Member of parliament, Lok Sabha
- In office 2004 – 2009
- Preceded by: Ram Raghunath Choudhary
- Succeeded by: Jyoti Mirdha
- Constituency: Nagaur

Personal details
- Born: 7 June 1929 Nagaur, Rajasthan, India
- Died: 2 July 2012 (aged 83) Dangawas, Merta City, Nagaur, Rajasthan, India
- Party: BJP
- Spouse: Sugni Devi
- Children: 4 Son's

= Bhanwar Singh Dangawas =

Indian politician

Bhanwar Singh Dangawas (7 June 1929 – 2 July 2012) was a member of the 14th Lok Sabha from 2004 to 2009 representing the Nagaur Constituency of Rajasthan.

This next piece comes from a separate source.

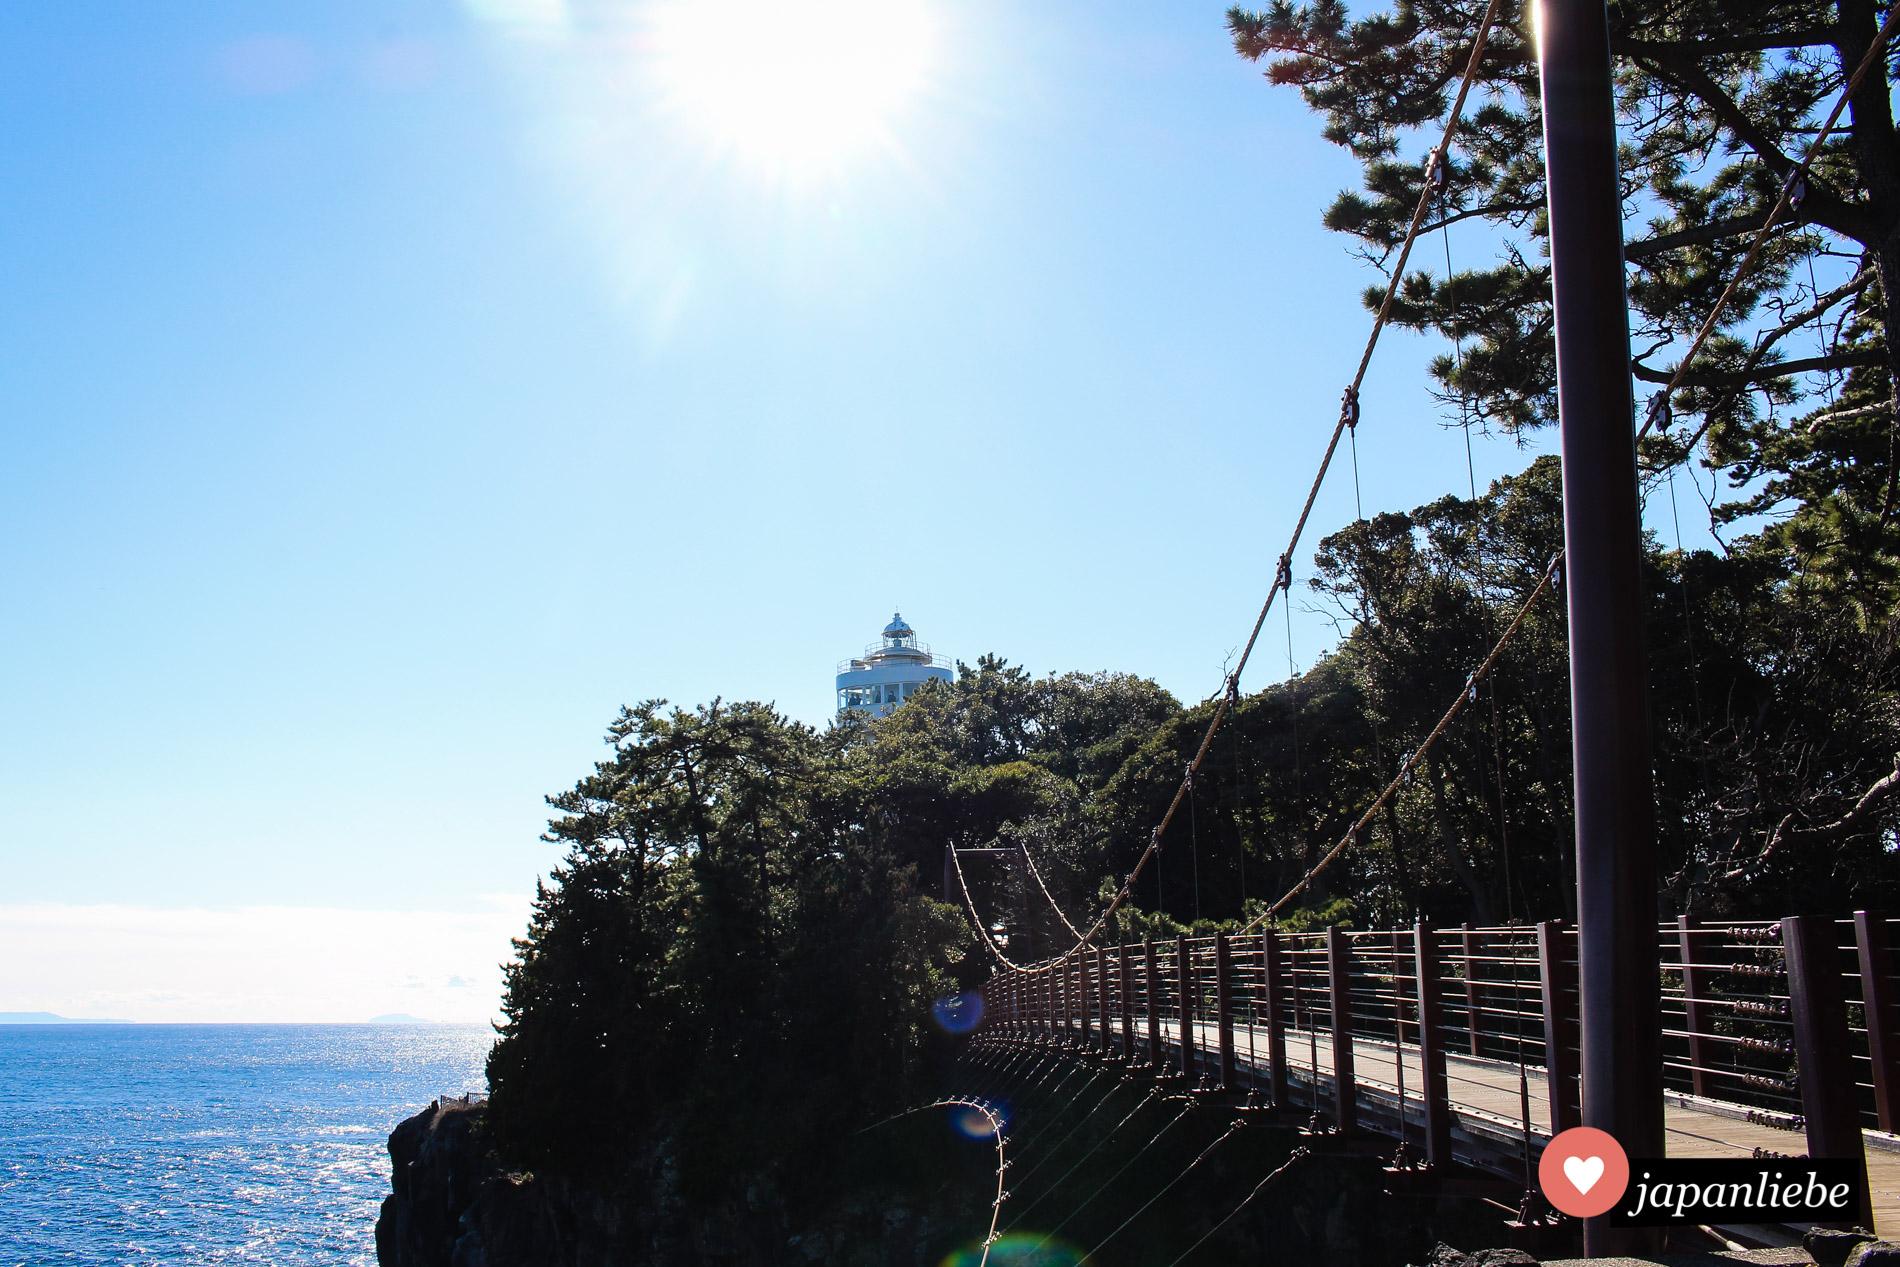 Eine 38 Meter lange Hängebrücke führt knapp 50 Meter über dem Wasser hinüber zum Kap Kadowaki.

During that time he was a member of the Bharatiya Janata Party (BJP) political party. Shri Dangawas was also a member of Rajasthan Legislative Assembly during 1993 to 1998 and 2003 to 2004. He was Minister of State for Home Affairs in the Government of Rajasthan in 1998. An able parliamentarian, Shri Dangawas served as a member of Standing Committee on Water Resources during 2007 to 2009. Shri Dangawas had been honoured by the President of India with Police Medals for gallantry and for distinguished and meritorious Police Service. Shri Bhanwar Singh Dangawas died on 2 July 2012 at the age of 83.